Top of Supplied records
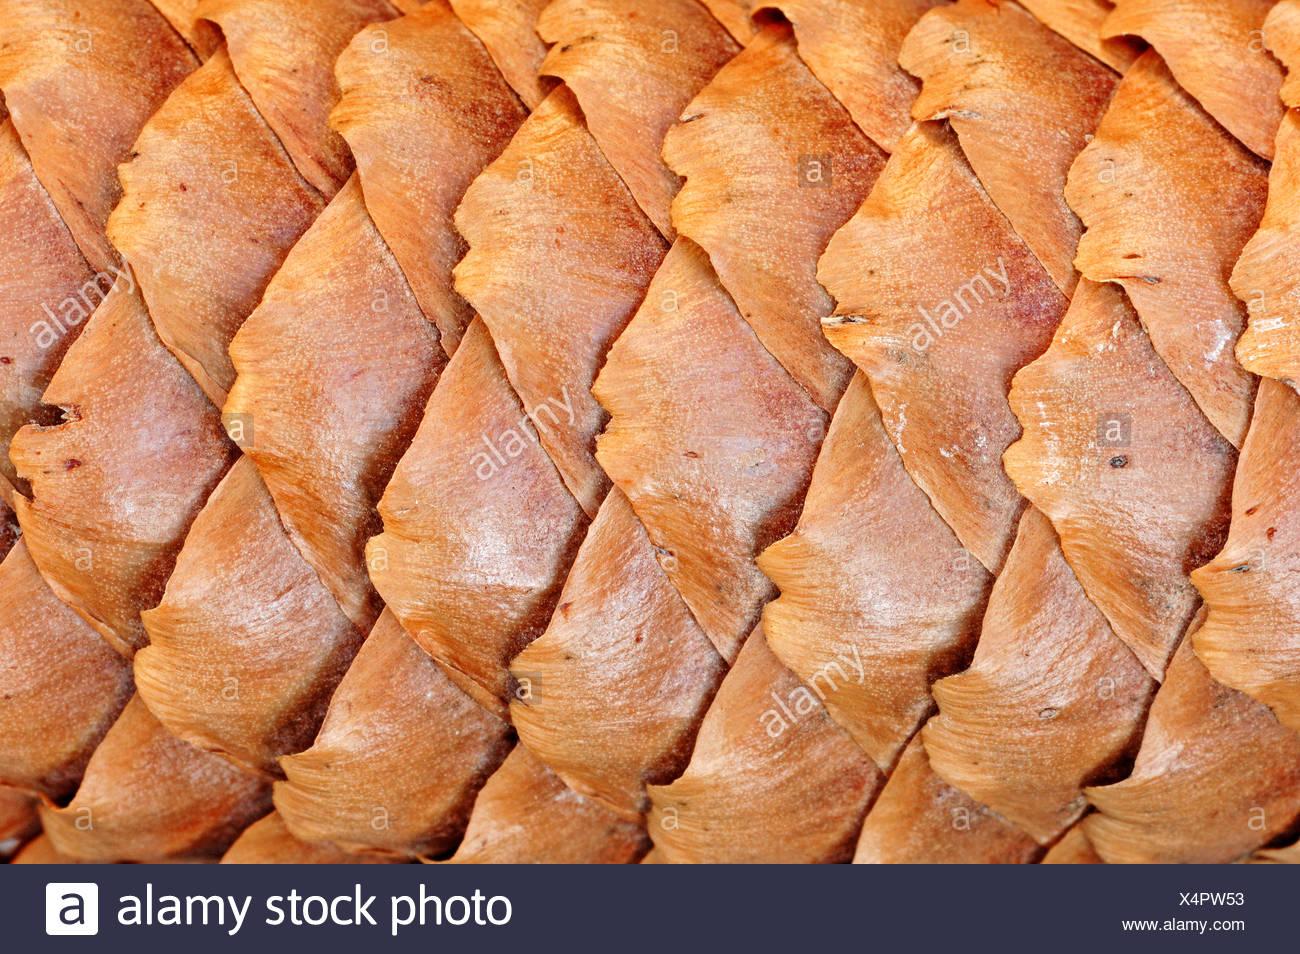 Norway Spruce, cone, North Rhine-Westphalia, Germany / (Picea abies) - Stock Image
Bottom of Supplied records
Top of Supplied records
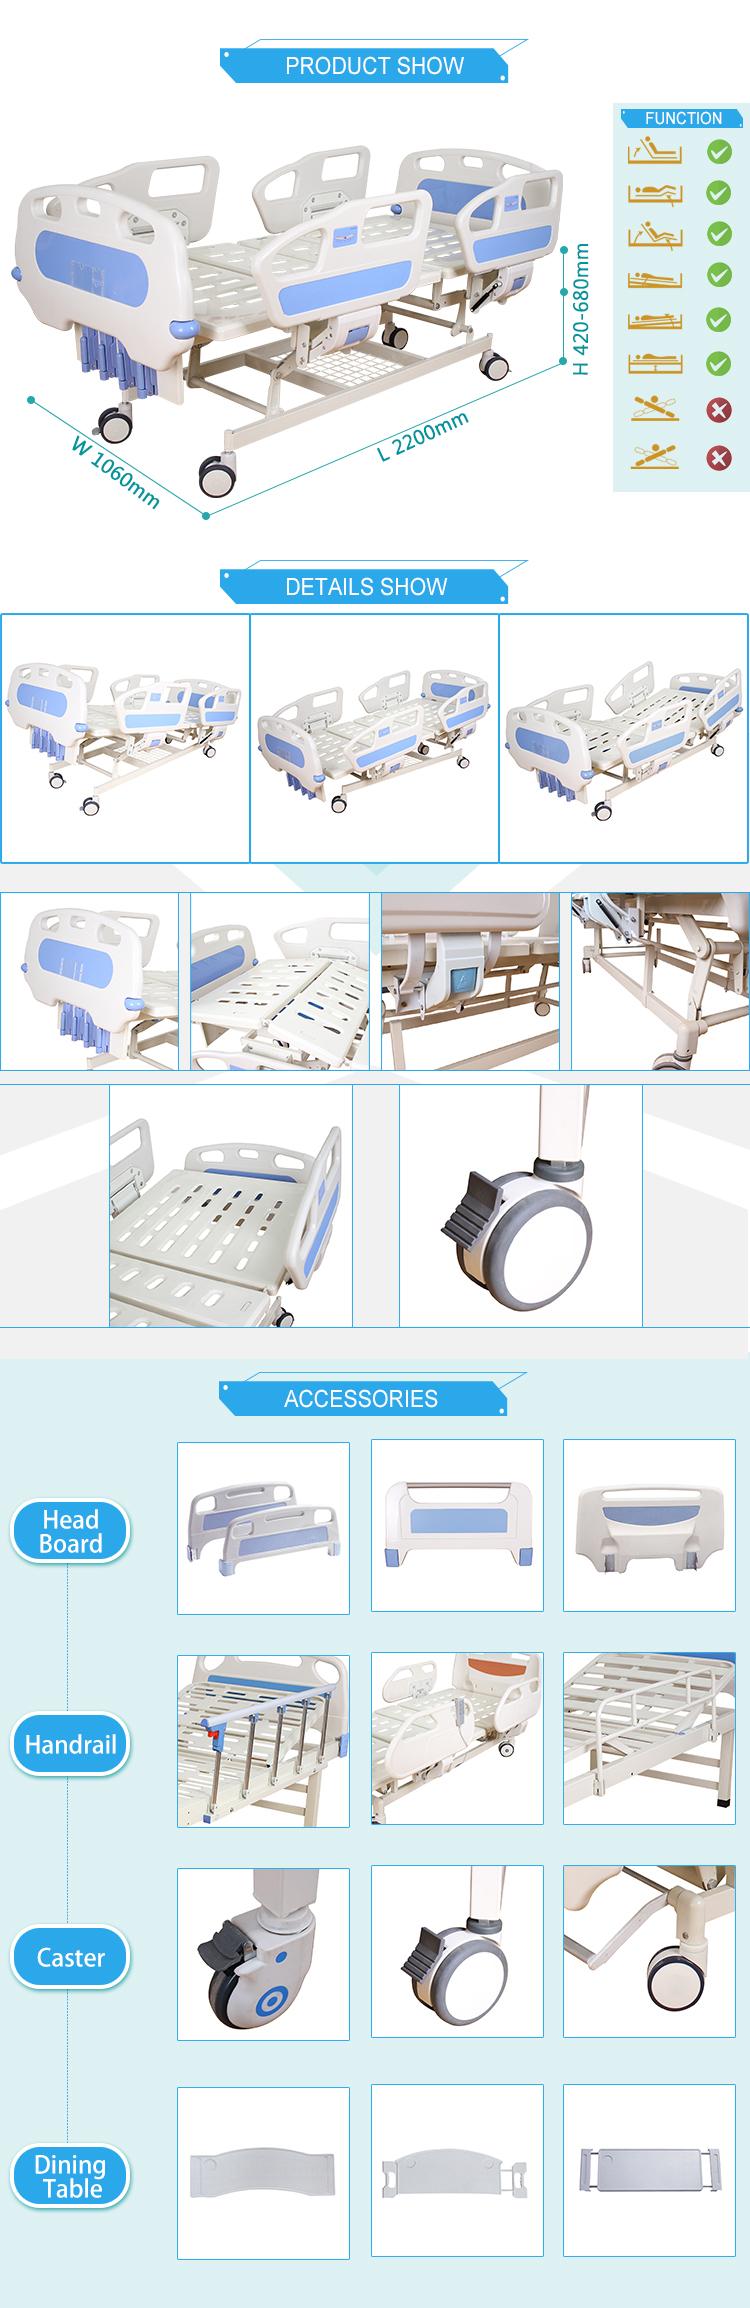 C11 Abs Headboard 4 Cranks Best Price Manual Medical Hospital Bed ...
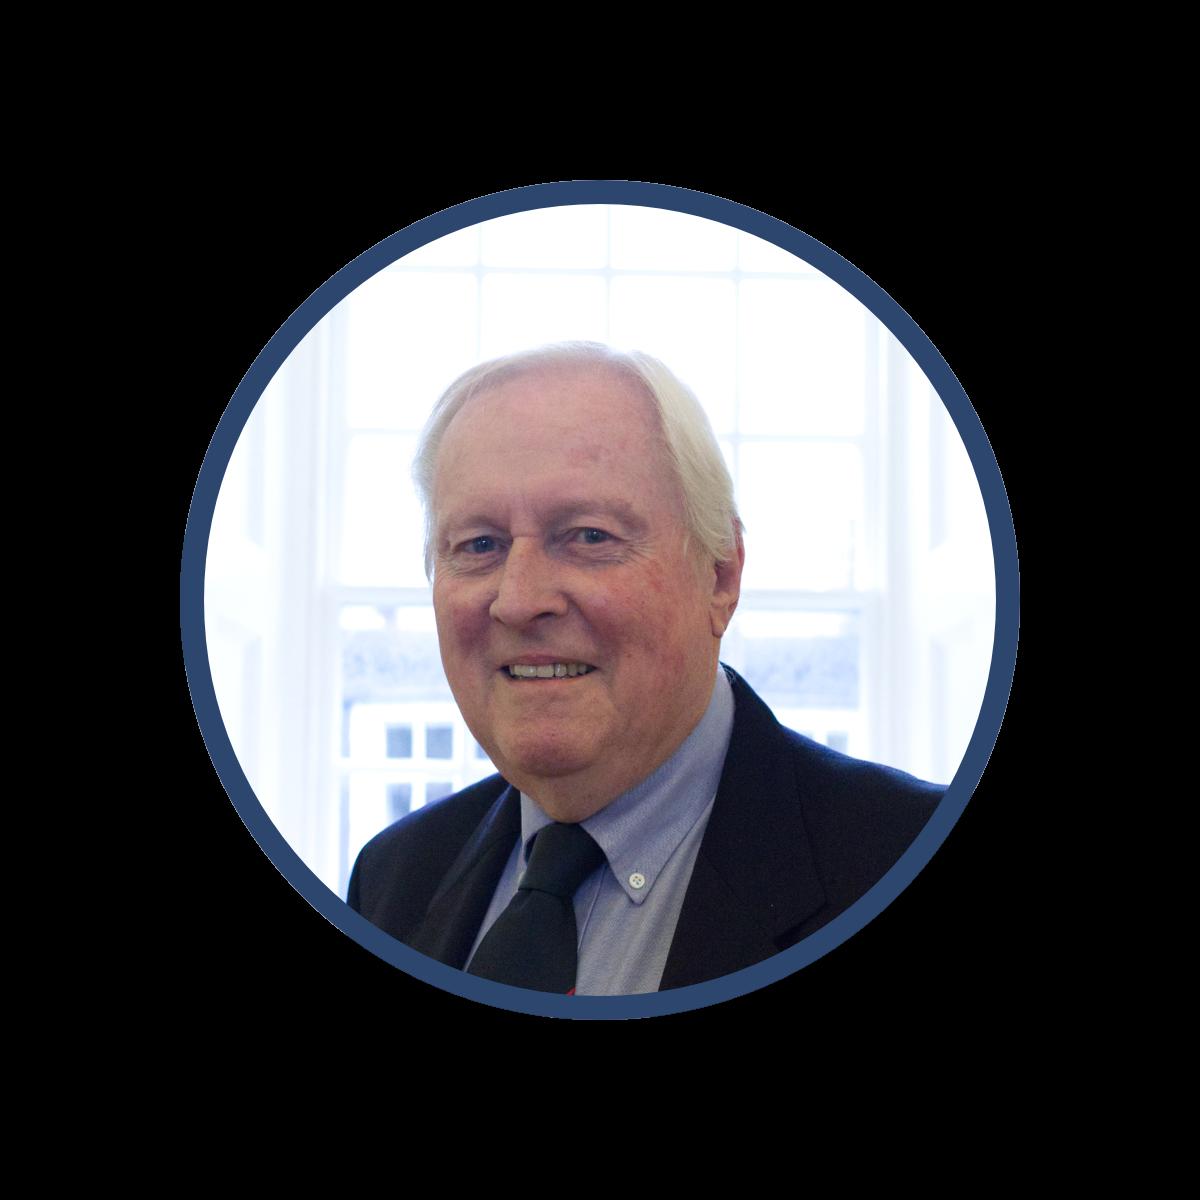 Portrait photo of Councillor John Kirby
Bottom of Supplied records
What the task requires → Reproduce the listing above exactly from the line containing "C11 Abs Headboard" up to and including the line containing "Portrait photo of Councillor John Kirby", omitting any images and everything outside those lines.

Task result →
 C11 Abs Headboard 4 Cranks Best Price Manual Medical Hospital Bed ...
 Portrait photo of Councillor John Kirby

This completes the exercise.